I'd rather you didn't publish this sort of news
Not so much because it isn't newsworthy (it is, and is absolutely disgraceful) but more because you might give them ideas where I work...
Times are tough for Capita, or so it seems. The outsourcing giant is squeezing extra margin from its employees by charging them to use cutlery, cups and trays in the canteen. Our insiders tell us that call centre workers in Bury and Glasgow who decide to eat their own food in the canteen are forced to pay to consume their …
to the OP, I sincerely hope you don't run your own business, 'cause if you do then tell us the name so we can steer the hell away from it. Seriously, they are charging people for plastic disposable cutlery. What next? Toilet roll? Water fountain?

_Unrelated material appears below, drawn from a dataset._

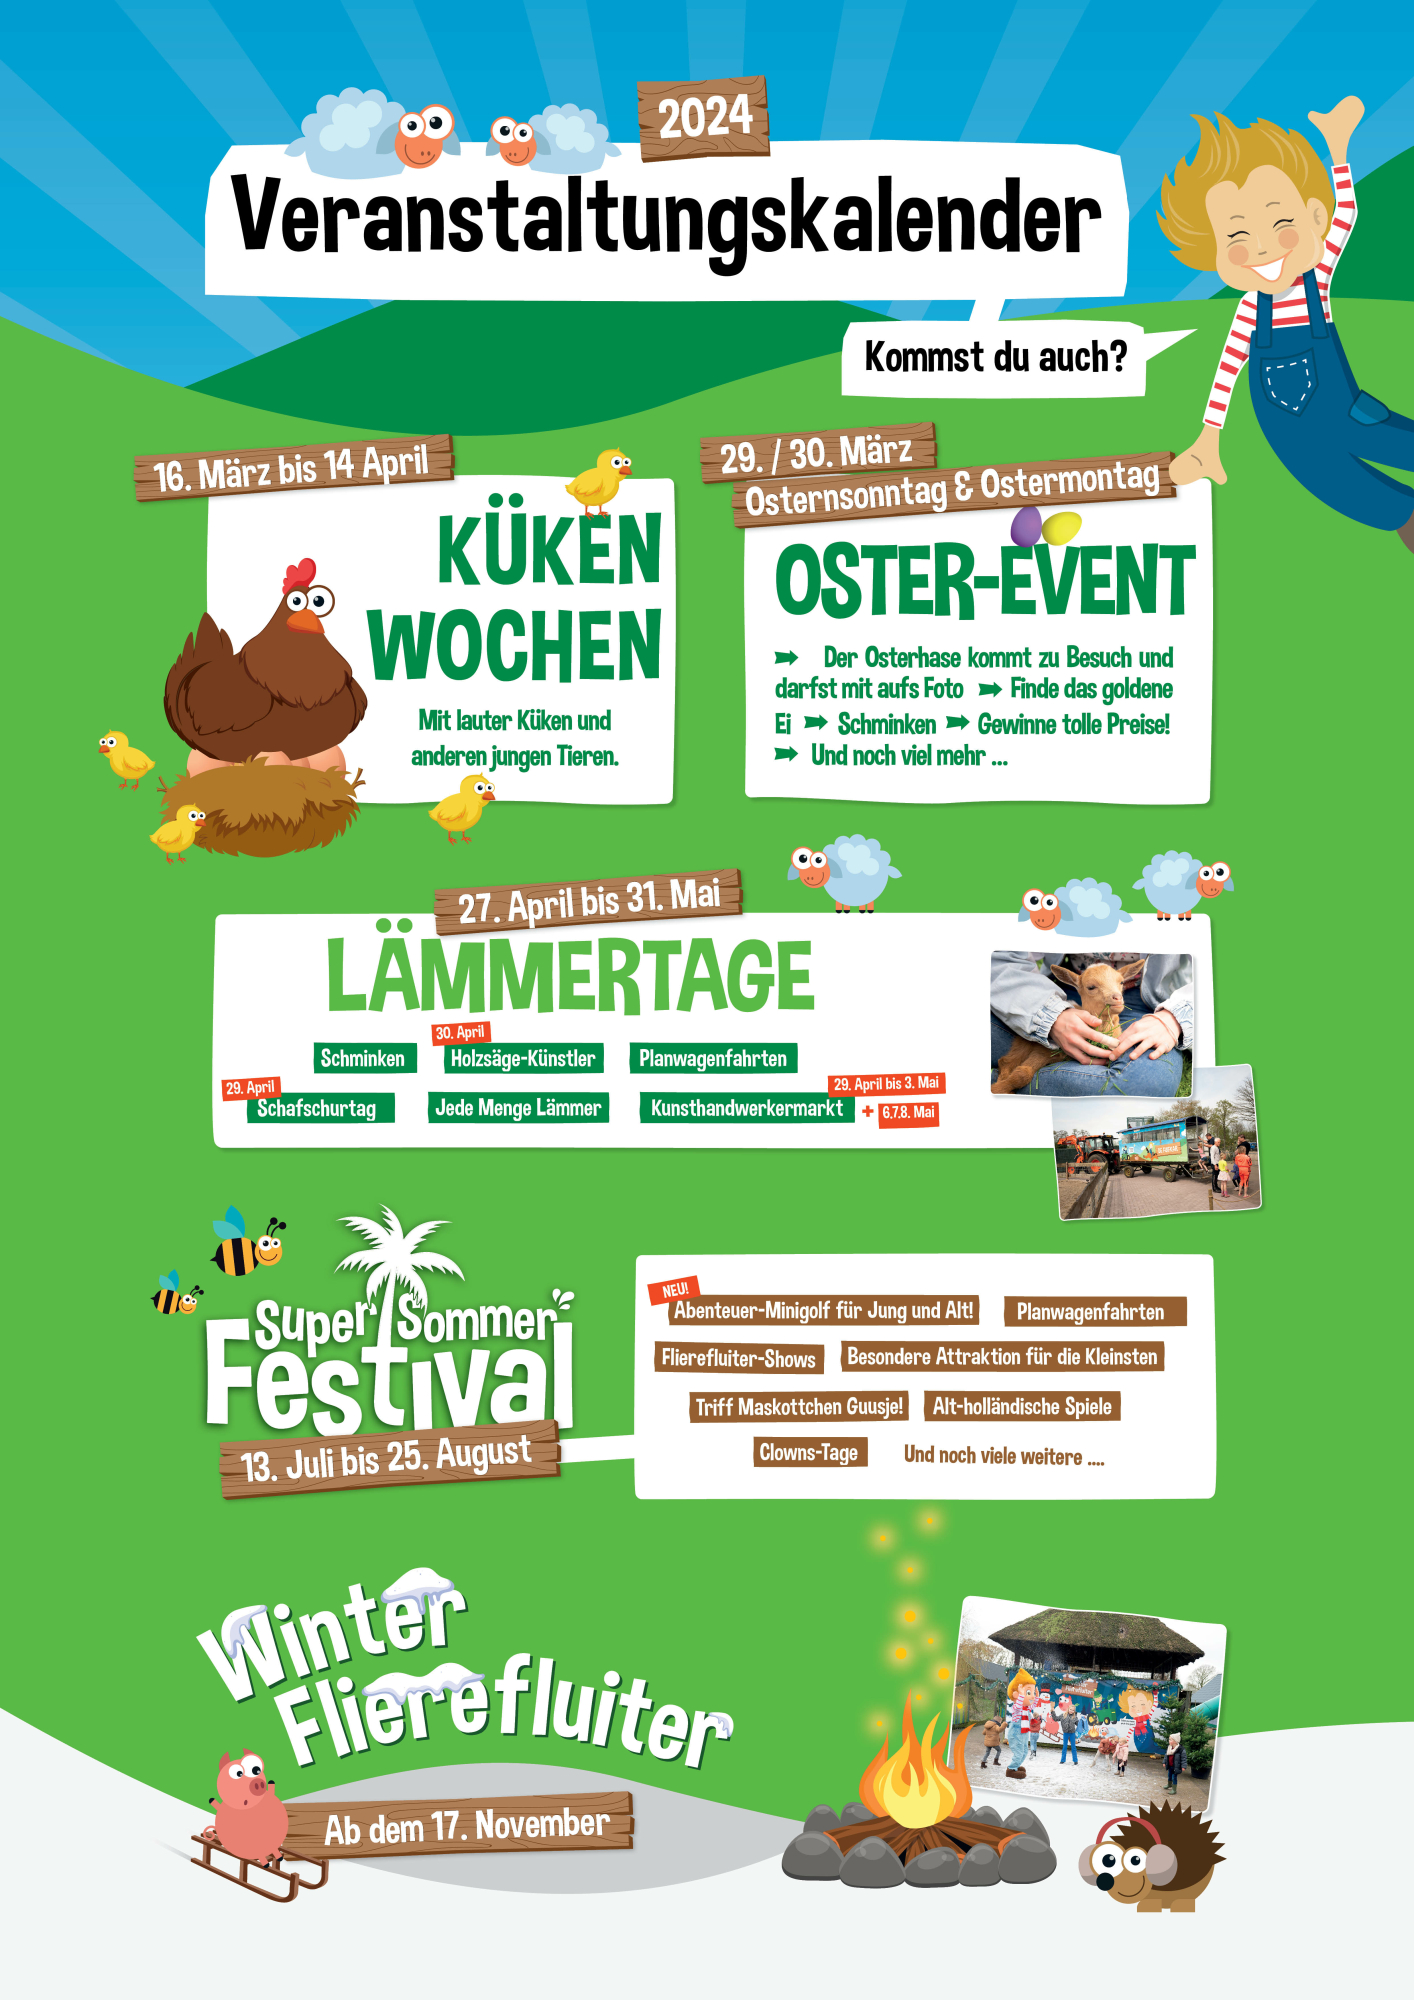 Veranstaltungskalender Bauernhof Flierefluiter im Niederlande

Air con?
When I used to work at Time computers even THEY weren't this miserly.
One part of the problem would be that the cost of managing the sale of crap cutlery to the staff and the discussion of same in meetings would far exceed the cost of giving the cutlery away for free.
Crapita are so used to charging their customers for badly miss-micro-managing their work they've now started to eat their own shit.
... for those of us who don't have a canteen at all ...
It does seem petty to charge for cutlery, but most canteens these days seem to be run by catering firms. If that is the case with the canteens on those sites then it's hardly surprising that the firm(s) decided to stop giving cutlery away.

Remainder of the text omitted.